## 1. Description

You have n coins and you want to build a staircase with these coins. The staircase consists of k rows where the ith row has exactly i coins. The last row of the staircase may be incomplete.

Given the integer n, return the number of complete rows of the staircase case you will build.

Constraints: $$1 \leq n \leq 2^{31} - 1$$

### 1.1. Examples:

1
11
11

Input: n = 5
Output: 2
Explanation: Because the 3rd row is incomplete, we return 2.

1
11
111
11

Input: n = 8
Output: 3
Explanation: Because the 4th row is incomplete, we return 3.


## 2. Solution

### 2.1. Understanding the problem

I think this question is equivalent to the fowllowing question: $$\frac{(1+i)i}{2} \leq n \leq \frac{(1+i+1)(i+1)}{2}, \text{ solve i}$$

### 2.2. Algorithm

We can solve the left part of the inequation and get i. $$i = \lfloor{\sqrt{2n+\frac{1}{4}} - \frac{1}{2}}\rfloor$$

### 2.3. Code

import math

def arrangeCoins(n: int):
return int(math.floor(math.sqrt(2 * n + 0.25) - 0.5))

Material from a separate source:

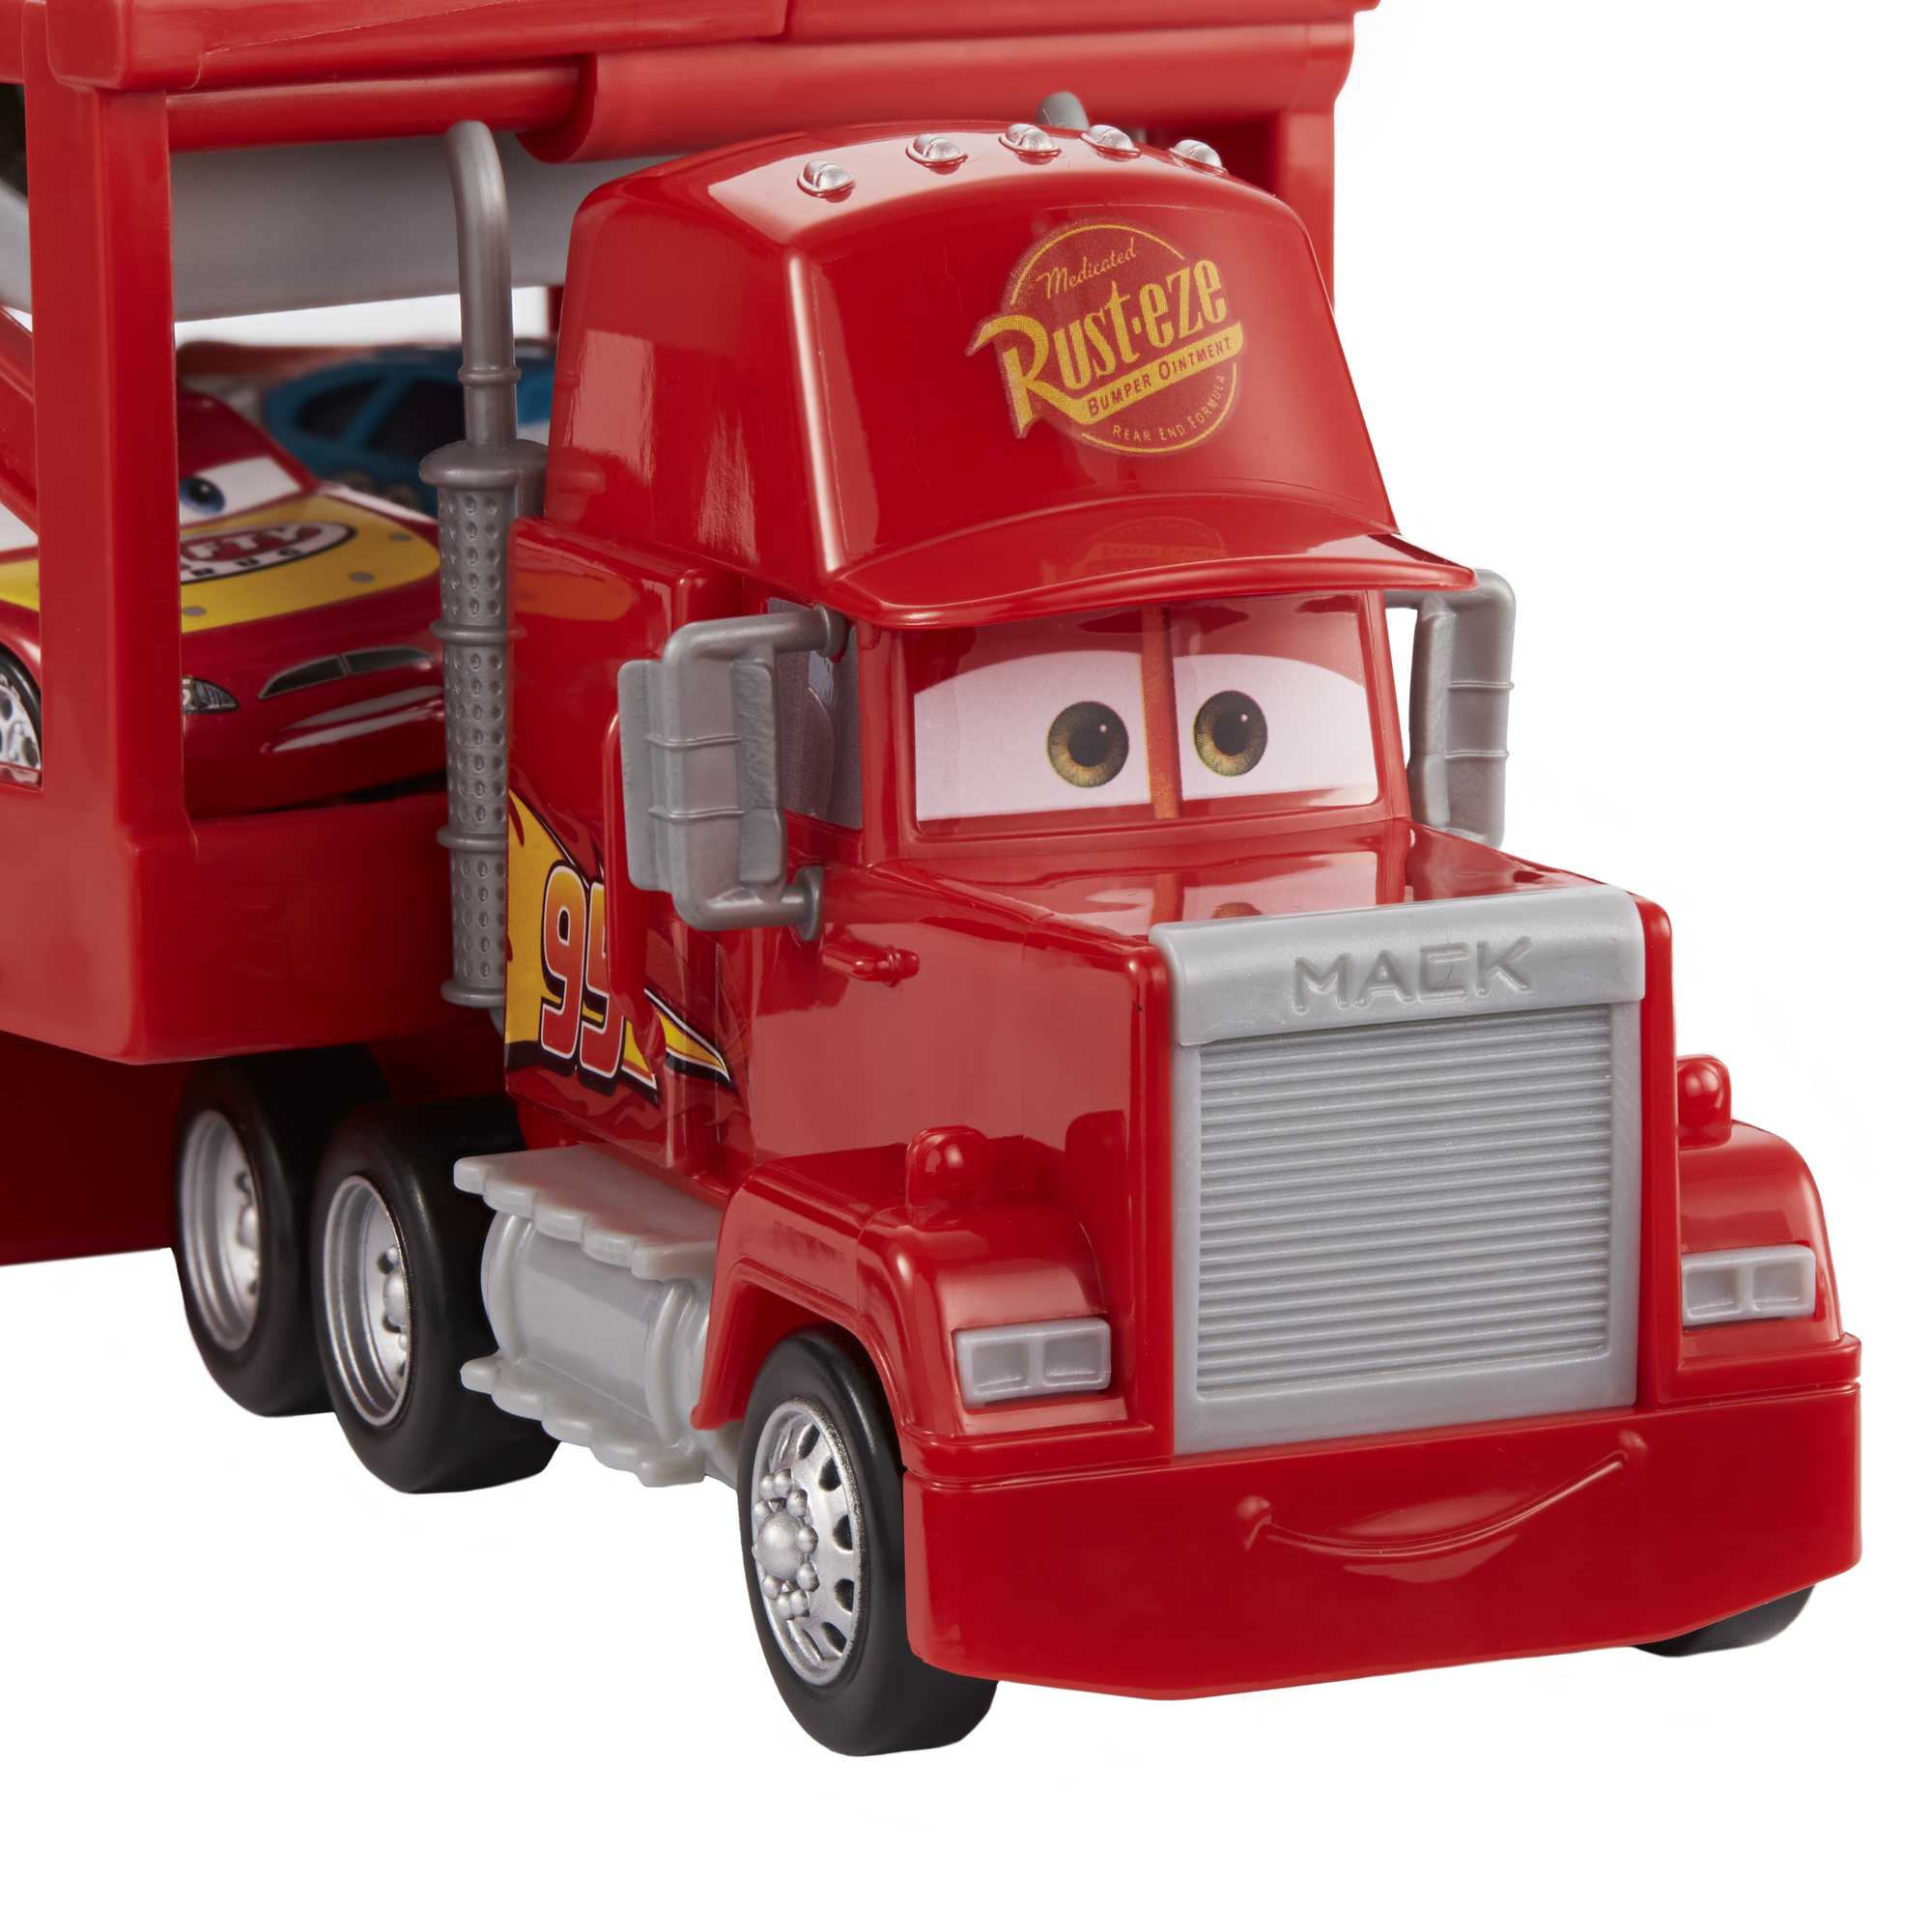 Disney And Pixar Cars Mack Hauler Truck With Ramp, 13-Inch 12-Car Carrier

print(arrangeCoins(5) == 2)
print(arrangeCoins(8) == 3)
print(arrangeCoins(1) == 1)
print(arrangeCoins(2) == 1)
print(arrangeCoins(3) == 2)
print(arrangeCoins(4) == 2)

True
True
True
True
True
True


#### 2.3.1. Complexity

##### 2.3.1.1. Time complexity:

O(1) because there is an upper bound of the time required.

##### 2.3.1.2. Space complexity:

O(1) because there is an upper bound of the space required.

### 2.4. Leetcode solution

Leetcode uses two solutions (Binary Search and math), and I'm glad that the second one is exactly my solution, good job Leetcode :)!

As an exercise, I implement the binary search solution here but I don't really like binary search in general because there are too many edge cases to consider, i.e. starting/ending numbers, mid point…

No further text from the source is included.